Развод. Месть. Любовь - стр. 21
Я вывезу этот поток дерьма. Но вот родителей своих обижать не позволю.
— Я справлюсь и разберусь, — касаюсь маминого плеча, а потом хватаюсь за телефон.
Сжимаю его в кулак и выбегаю на балкон. Он застеклен. Окна плотно закрыты, на улице меня практически не слышно. Слов точно не разобрать.
Открываю входящие. Листаю и звоню Ермакову.
Я так зла. Так зла и хочу крови. Хочу высказать ему все, что думаю. Он не имел права давать это гребаное интервью и не согласовать его со мной, когда оно касается меня напрямую.
Демид отвечает почти сразу.
— Зачем ты это сделал? Все только хуже стало! Ты видел, что происходит? У моего дома журналисты дежурят, мой телефон взрывается. А ты даешь чертово интервью.
— Я хотел как лучше. Я хотел извиниться и…
— Передо мной? — ору на него. — Ты это для своего фан-клуба и рекламодателей делал. Ты себя обелял. А меня только сильнее втянул в это дерьмо, Ермаков. Ты думаешь, мне легче оттого, что ты квартиры этой девке не купил? Или оттого, что на море с ней не зажигал? Ты, блин, ребенка ей заделал. Ты с ними виделся. Ты год из меня идиотку делал! Ты моральный урод. Я тебя ненавижу!
— Подожди, Саш…
Демид пытается меня перебить, хоть слово вставить, но меня уже понесло. Я ору, как ненормальная. Точно чокнулась. У меня истерика. Я, когда все узнала, будто в анабиоз впала. Как зомби ходила, плакала да, но мне так, как сейчас, душу не рвало.
А теперь, чувствую, что у меня внутри все по швам трещит. Я задыхаюсь и медленно умираю.
Это он виноват. Мой муж во всем виноват. Он после этого не человек даже. Нет!
Соскальзываю по стене к полу. Плачу. Хнычу в трубку и больше ничего толком не могу сказать. Я растоптана.
Все его извинения просто прикрытие.
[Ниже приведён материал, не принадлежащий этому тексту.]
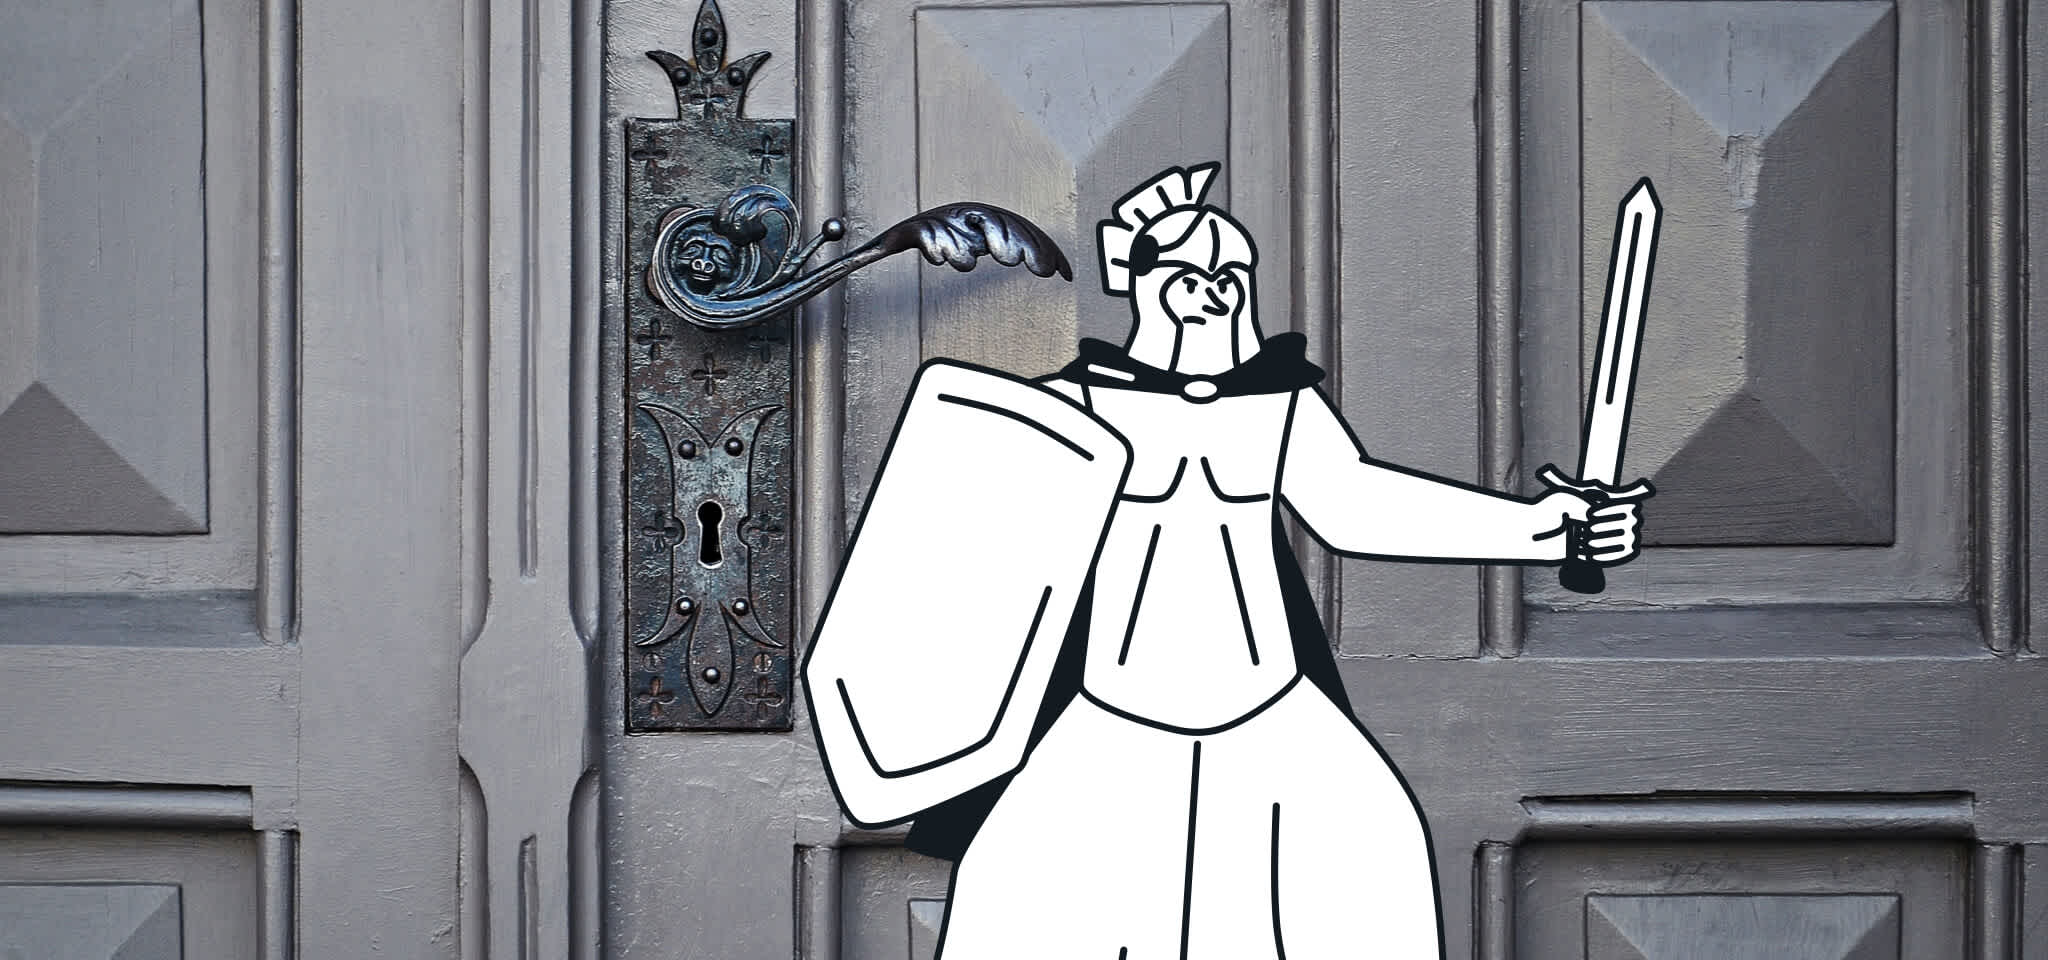 Hermes protegiendo la puerta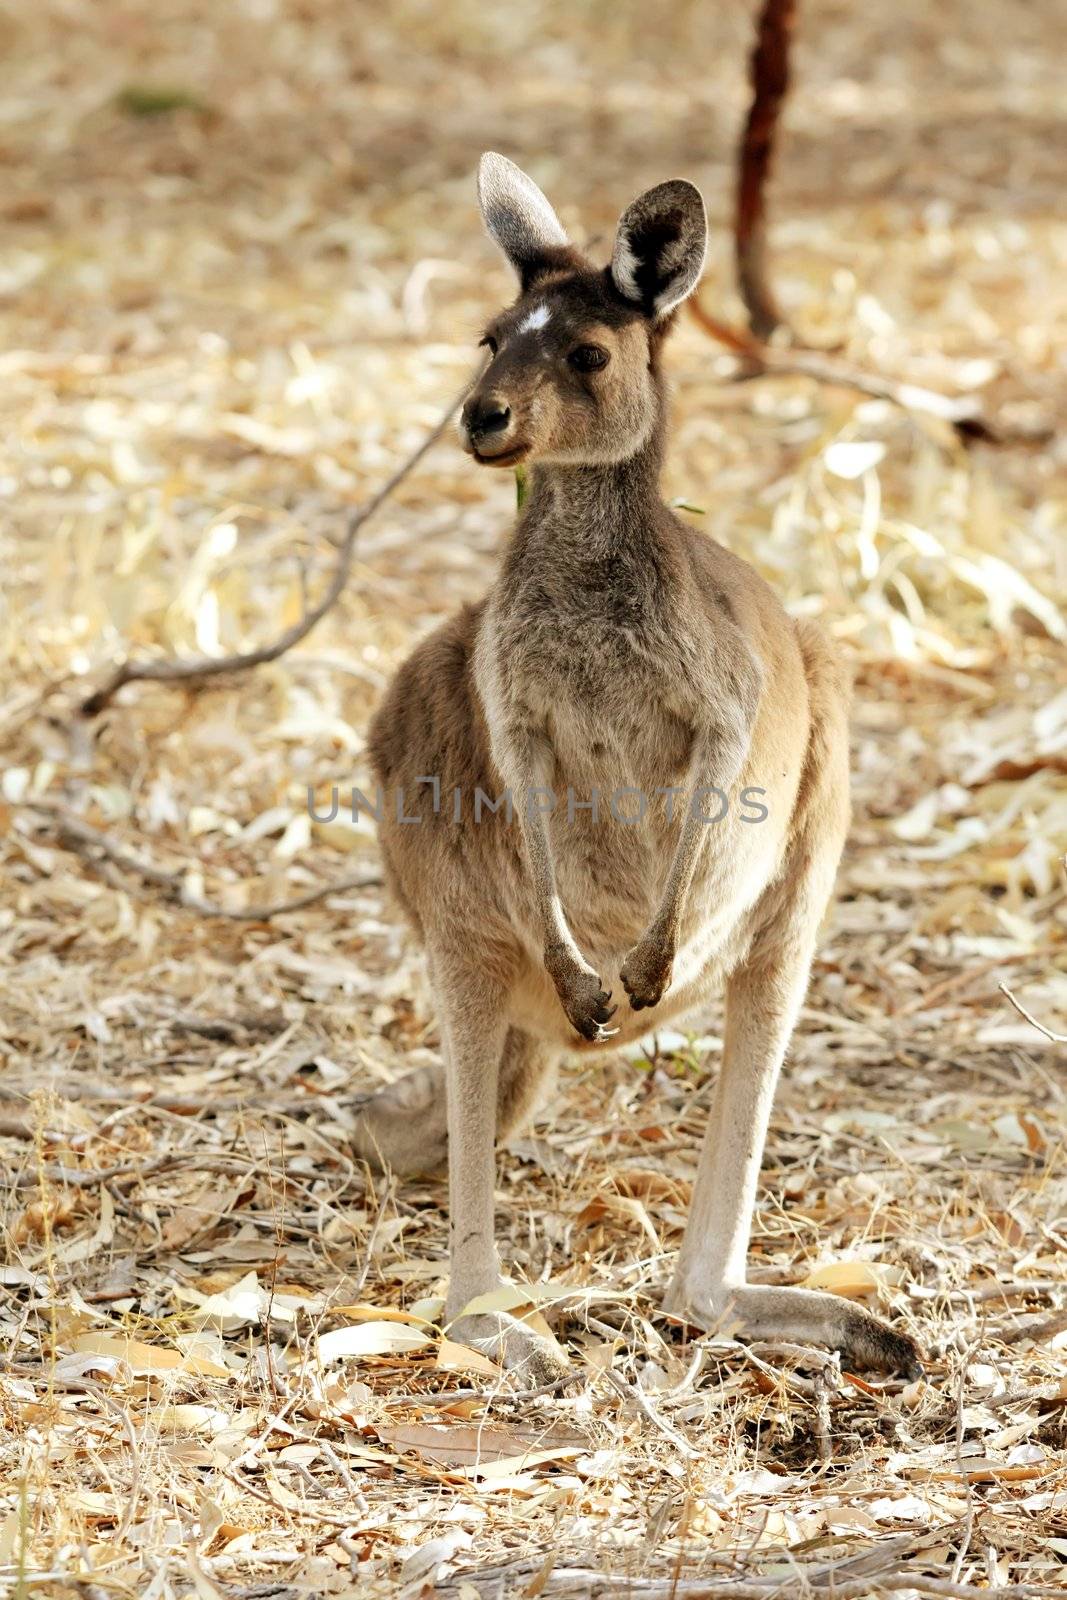 Cute Young Kangaroo by kentoh

Он сказал ровно то, что должен был. То, что одобрил его менеджер, агент, директор, тренер, адвокат.
Его слова прошли фильтрацию чуть ли не десятка людей. Он произнёс их на всю страну не ради меня, а ради карьеры. Это добивает еще сильнее. Даже здесь, человек которого я люблю, отодвинул меня на второй план.
Я для него просто приложение какое-то. Должна понять, принять и молчать. Вот так он меня воспринимает. Вот так он меня любит!
Малодушно. По-скотски.
— Как лучше не получилось, — бормочу в трубку, собирая мысли в кучу. Шумно выдыхаю.
Нужно взять себя в руки. Успокоиться. Никто за меня ничего не решит. Никто не поможет.
— Ты сделал только хуже, Дем, — произношу отчаянно, и словно в прошлое возвращаюсь.
Дема. Звучит так обыденно. Мило. С любовью. Так как я всегда называла его раньше.
Ермаков молчит. Оба молчим.
Ну и где теперь его оправдания? Где все те слова, что он так порывался мне сказать? Которыми пытался перебить мою истерику? Снова испарились?